1084 - Pythagore et Hilbert
N. Lygeros
Il peut paraître quelque peu étrange de comparer Pythagore et Hilbert que de nombreux siècles séparent pourtant via la restriction de l’apport cognitif nous pouvons mettre en évidence une forte analogie quant à la vision programmatique de l’évolution de la science mathématique.
La vision pythagoricienne et hilbertienne du monde présuppose l’existence d’une connaissance absolue et déterministe. Via l’axiomatisation totale du système, la partie permet de comprendre le tout car du point de vue formel, l’univers est clos à l’instar du calcul propositionnel dans lequel toute formule est décidable. Ainsi par couche successive et par descente, la restriction au noyau arithmétique et ensembliste pour l’un et l’autre permet de déterminer de manière complète l’ensemble des extensions possibles. Nous nous retrouvons dans les deux cas dans un schéma mental qui correspond à un raisonnement essentiellement linéaire même si son image se veut unificatrice. Dans ce cadre, l’induction n’est qu’une méthode intermédiaire et toute l’emphase se trouve dans la déduction pour ainsi dire systématique et surtout automatique. Aussi l’abduction est totalement absente de cette structure de pensée. L’autre similitude provient du fait que réellement aussi bien Pythagore que Hilbert avaient une bonne connaissance des mathématiques de leur époque et qu’ils avaient une opinion qui sera considérée par la suite par de nombreux mathématiciens comme une vision en d’autres termes un horizon intellectuel profond. Seulement dans les deux situations la faiblesse de leur système de pensée provient justement de l’absence de doute de sa puissance. Le système est omniscient et omnipotent et offre le sentiment de complétude. Aucun d’entre eux n’a pu prévoir l’échec de son système et surtout la mise en échec par sa propre structure en particulier celle de son noyau dur. En effet dans les deux cas, le système s’est effondré sur lui-même en raison de sa structure interne et non via des causes extérieures.
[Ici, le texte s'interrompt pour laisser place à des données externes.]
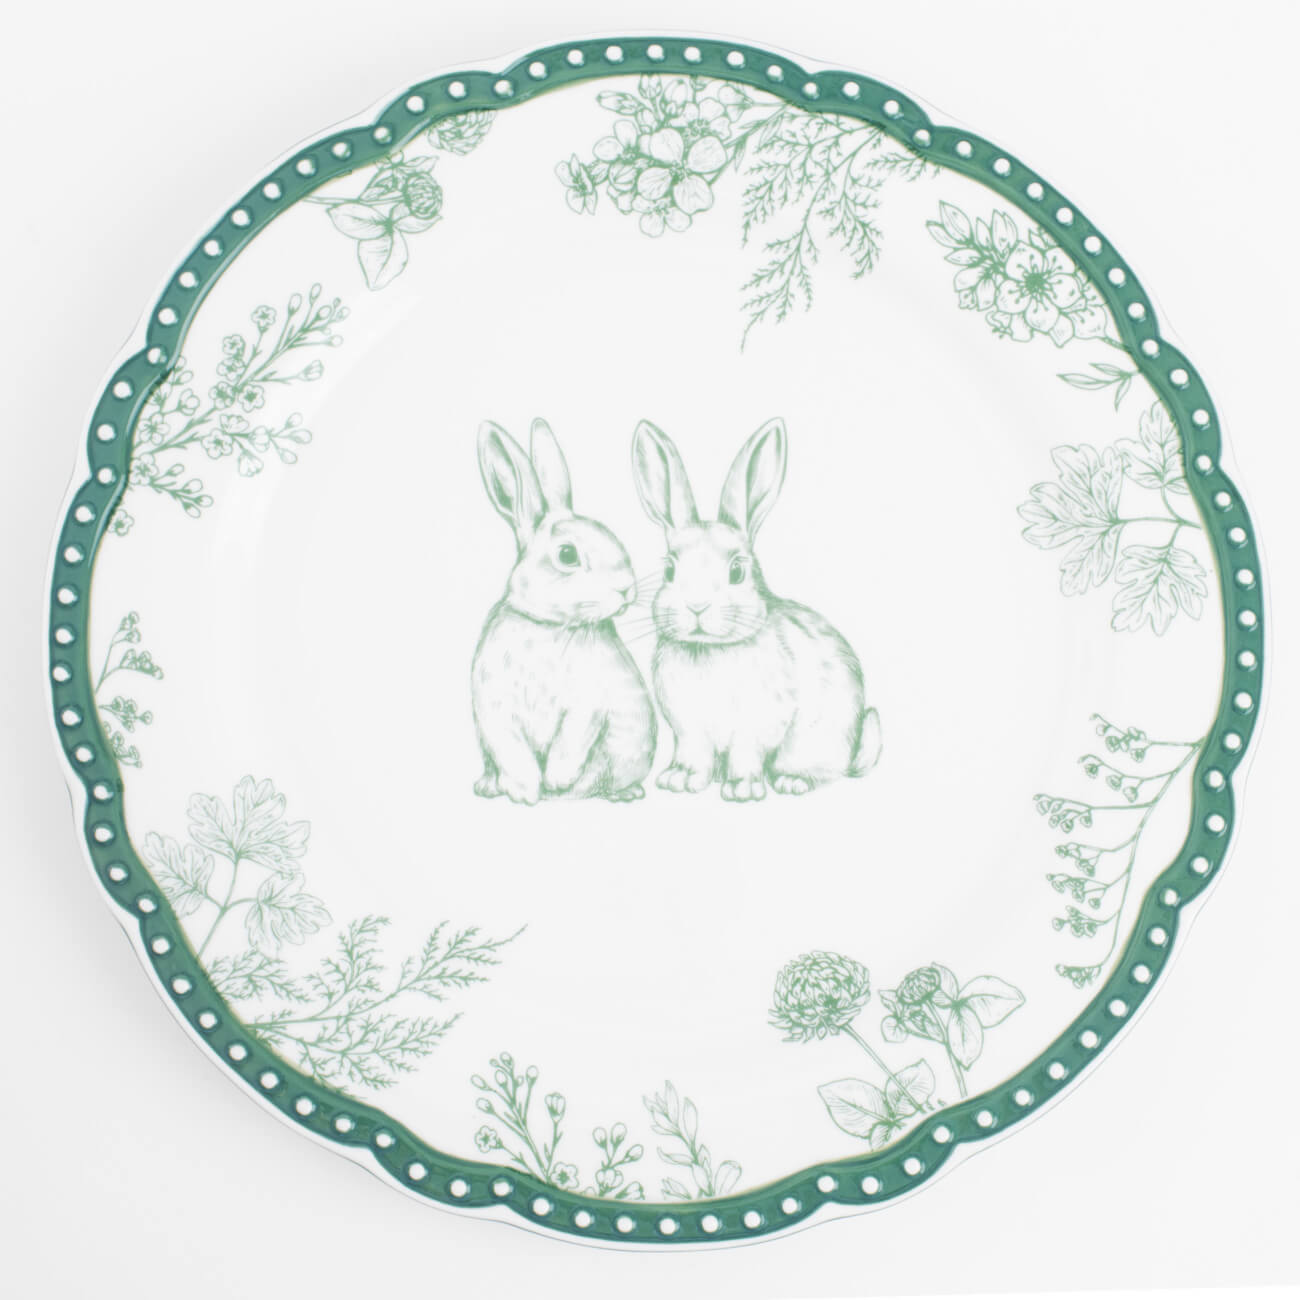 Тарелка обеденная, 27 см, керамика, бело-зеленая, Кролики и цветы, Easter blooming летающая тарелка d 23 см зеленая

L’irrationnalité de ou l’incomplétude de Gödel ne proviennent pas du monde extérieur quant à la pensée pythagoricienne d’une part et à la pensée hilbertienne d’autre part. Ces deux mises en échec proviennent d’un approfondissement ultraorthodoxe structurel mais combiné à un raisonnement non uniforme qui exploite la notion d’abduction. Le système à partir du moment où il est utilisé pour se coder lui-même et donc pour s’autodéfinir engendre non seulement des produits extérieurs mais aussi des structures autoréférentes qu’il ne peut gérer car elles sont axiomatiquement parlant et du point de vue métamathématique cette fois, équivalentes à des axiomes aussi elles échappent à l’appareil déductif classique.
Ainsi ce qui caractérise l’apport de ces deux penseurs c’est d’une part leur formalisme absolu qui a permis de définir clairement et de manière intrinsèque des notions fondamentales et d’autre part d’avoir été les initiateurs indirects de véritables révolutions mathématiques mais aussi cognitives. C’est en ce sens que nous considérons leur apport comme fondamental dans l’évolution des idées en mathématiques, en sciences et en philosophie.